ANY DOUBT ABOUT the legitimacy of Washington State's best basketball start in 15 seasons was erased Saturday at historic Pauley Pavilion, where the Cougars went toe-to-toe for a full, nailbiting 40 minutes with the nation's No. 1-ranked team. In the end, though, the outcome was as it always is for the crimson when they travel to Westwood.

Another loss -- their 90th in 104 lifetime games against UCLA.

Another heartbreaker -- in the last three years, five of the Cougs' losses to UCLA have been decided by three points or less.

And another trend going the wrong way -- this was 25th time in WSU history the Cougs have lost to a No. 1-ranked team (with nary a win in between).

"I thought we had them," said Cougar guard Derrick Low.

"We're a little numb right now," said head coach Tony Bennett.

The quote of the night belonged to UCLA head man Ben Howland: "The crowd was rooting us back into this game. If this game was in Pullman, we'd lose."

For UCLA, now 12-0 on the season, it wasn't quite as dramatic as their March Madness victory over Gonzaga last season, but it was a donnybrook that had the vocal crowd of 11,102 on the edge of their collective seats right to the end, when Cougar freshman Nikola Koprivica's three-point try to tie it bounced off.

UCLA 55, WSU 52.

The Cougars were horrendous from 3-point range (3 of 12), poor from the foul line (59 percent) and schooled on the glass (40-28). But they played tenacious defense and scored one clutch basket in the paint after another.

There was Kyle Weaver, grabbing rebounds and loose balls, dishing off assists and scoring points.

There was Robbie Cowgill blocking shots and moving on defense like a point guard.

There was Low, with one spectacular scoring drive through traffic after another.

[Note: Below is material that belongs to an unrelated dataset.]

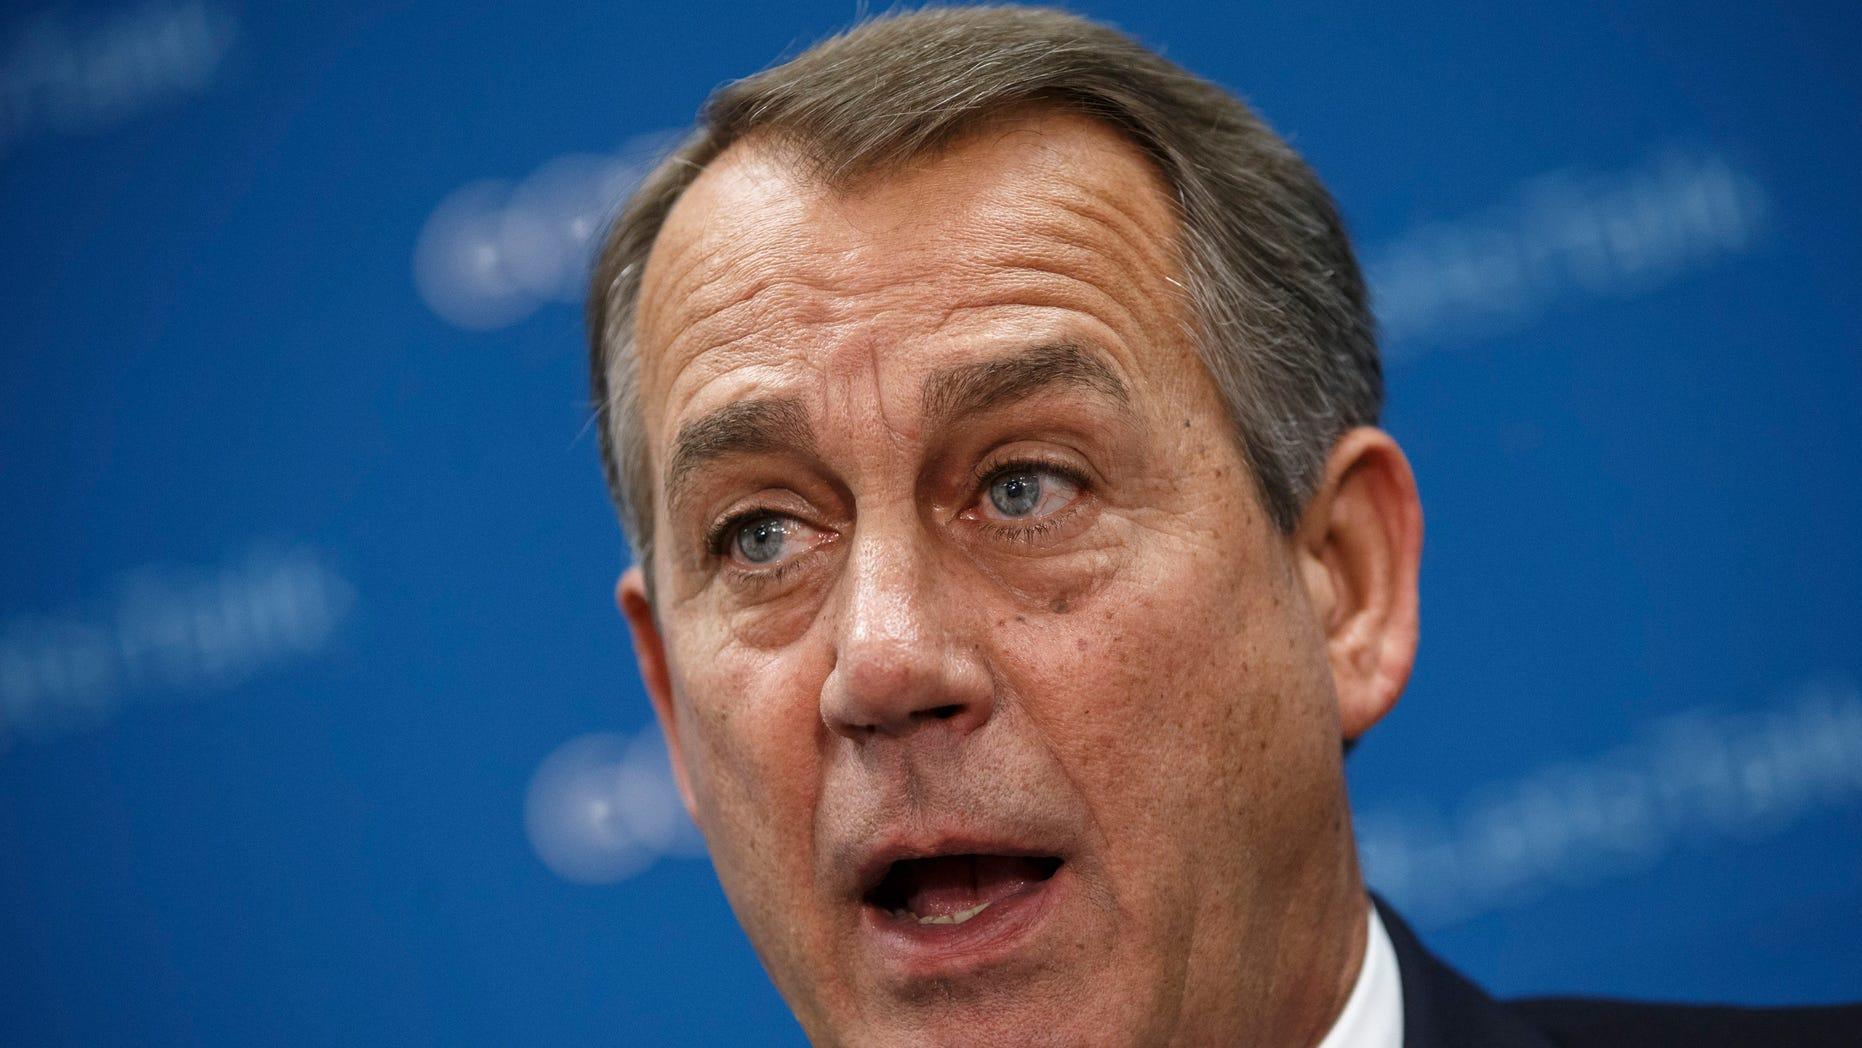 Oct. 8, 2013: House Speaker John Boehner speaks during a news conference on Capitol Hill in Washington.
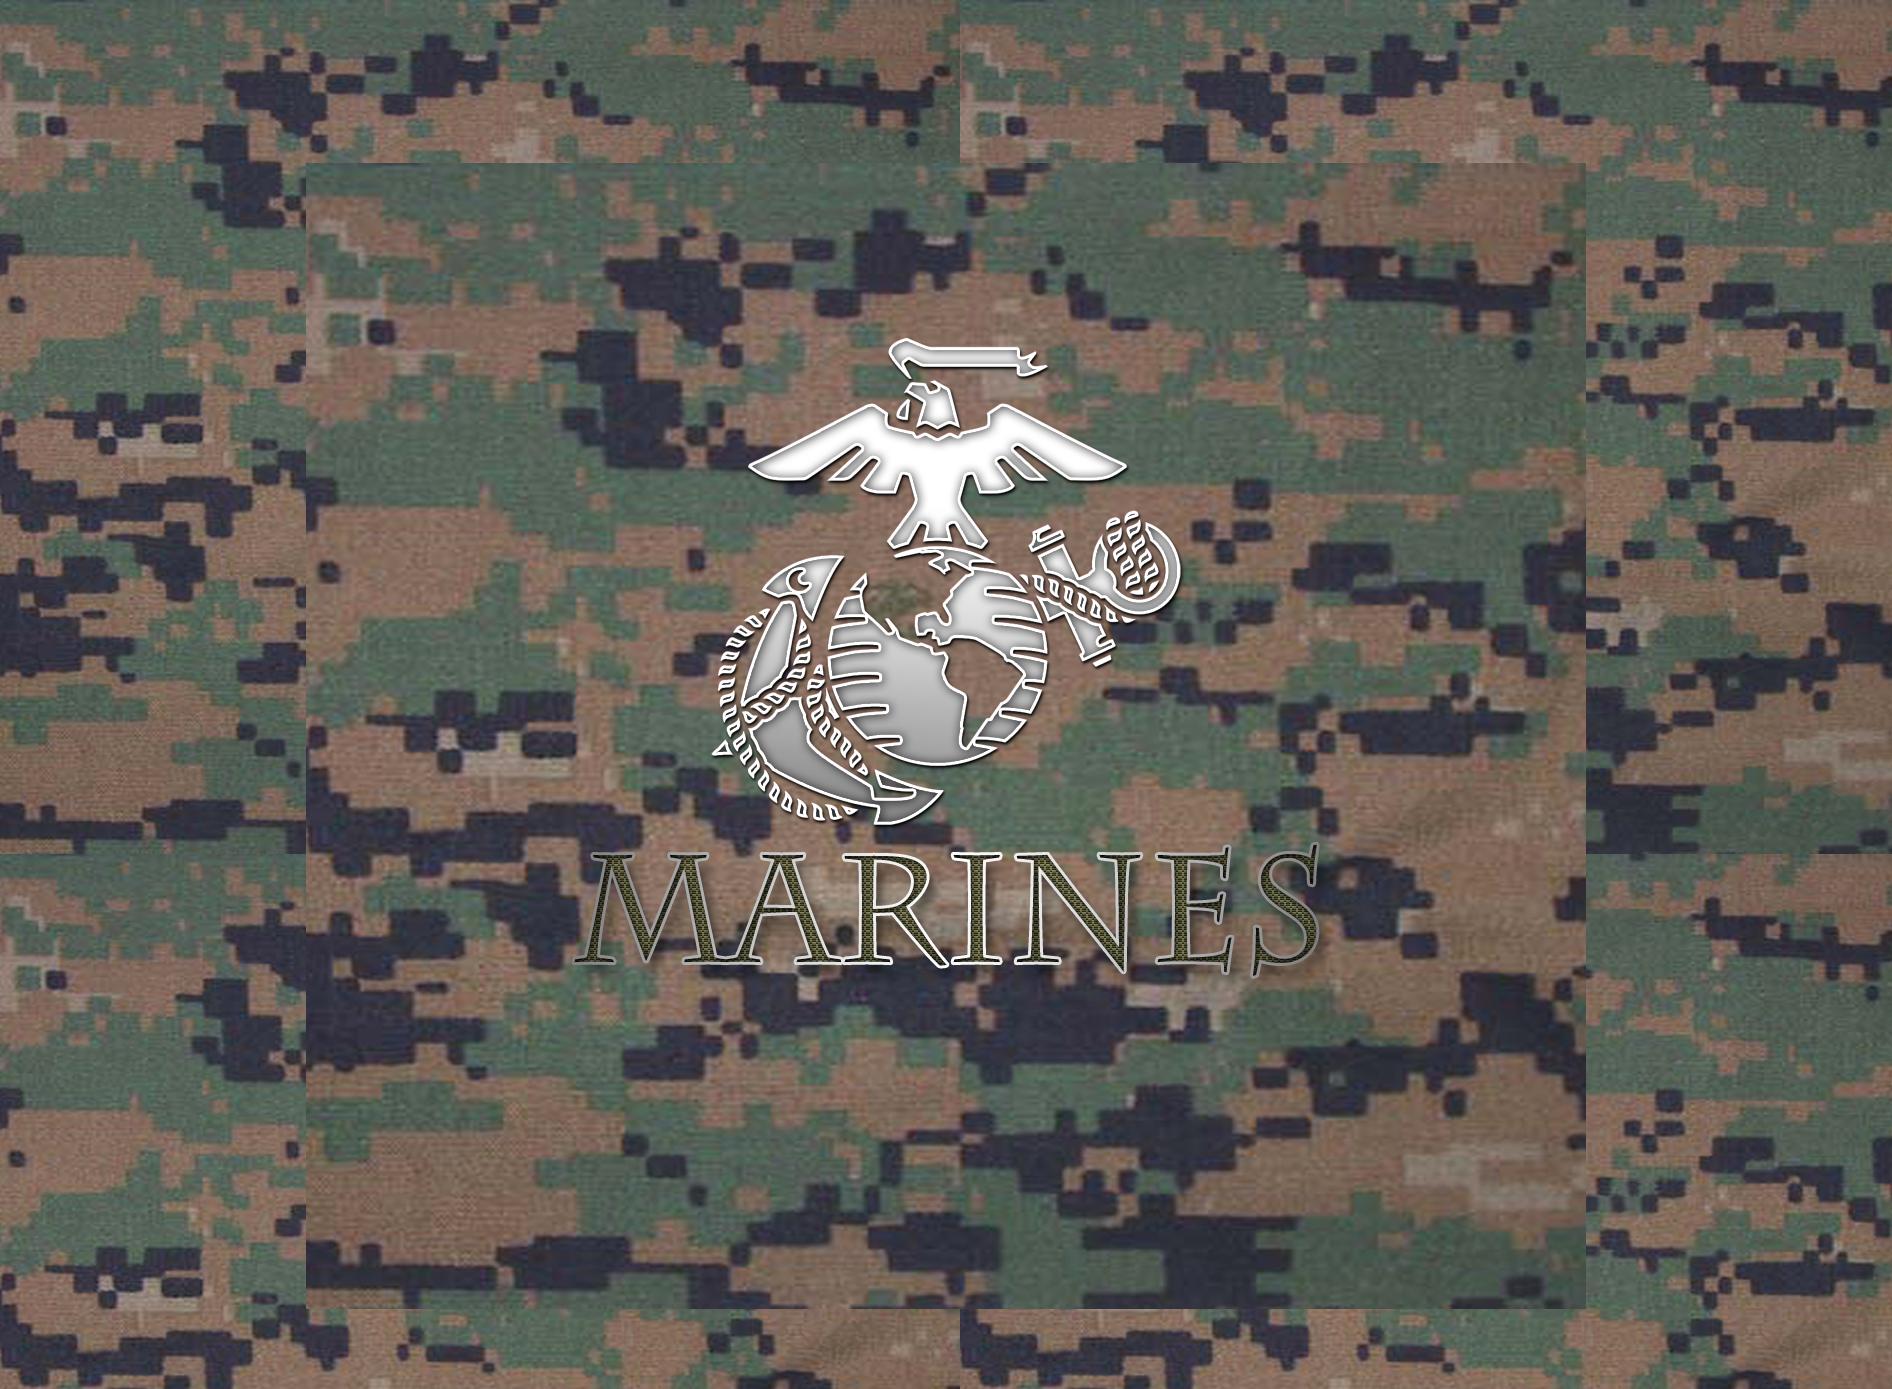 usa marine corps wallpapers hd 1600 1200 1892x1389

How tough were the Cougars, who drop to 11-2 with hot-handed USC on tap Saturday?

They led the game for 22 straight minutes. They were up by 10 at one point in the first half and nine at one point in the second. They were tied three times.

They played 13 minutes before committing their first turnover. They blocked seven first-half shots. They held Darren Collison scoreless for the first 24 minutes. Their bench outscored UCLA's 13-3. They held the Bruins to 33 percent shooting accuracy.

Even in the face of a 21-8 second-half UCLA run -- a run fueled by consecutive WSU possessions that ended with two blocked shots, a steal, a traveling call and a badly off-target three-point try -- the Cougars didn't wilt.

With 12 national championship banners hanging above their heads and the greatest coach in the sport's history, John Wooden, watching from his usual seat, Tony Bennett's spirited bunch kept fighting.

Forget Rocky Balboa. These are the Washington State Cougars.

Down 53-47 with 3 minutes on the clock, Koprivica -- making the fifth start of his career -- drilled a three-pointer to narrow the score to 53-50. UCLA then was whistled for a held ball and the Cougars' Ivory Clark subsequently slammed one home, making it 53-52. Collison then narrowly missed a layup that Clark rebounded. The Cougs then called timeout.

Twenty-five seconds left, down by one against the top-ranked team in the nation.

WSU worked the ball around and then Low, who led the Cougars with 14 points, inexplicably fired up an airball from three-point range when there was plenty of time on the clock. The Cougs quickly fouled and after two free throws by UCLA, the chance at history was still within reach. As the clock wound down to zero, Koprivica got a good look at the basket, squared up nicely and let fly with the potential game-tying three-pointer.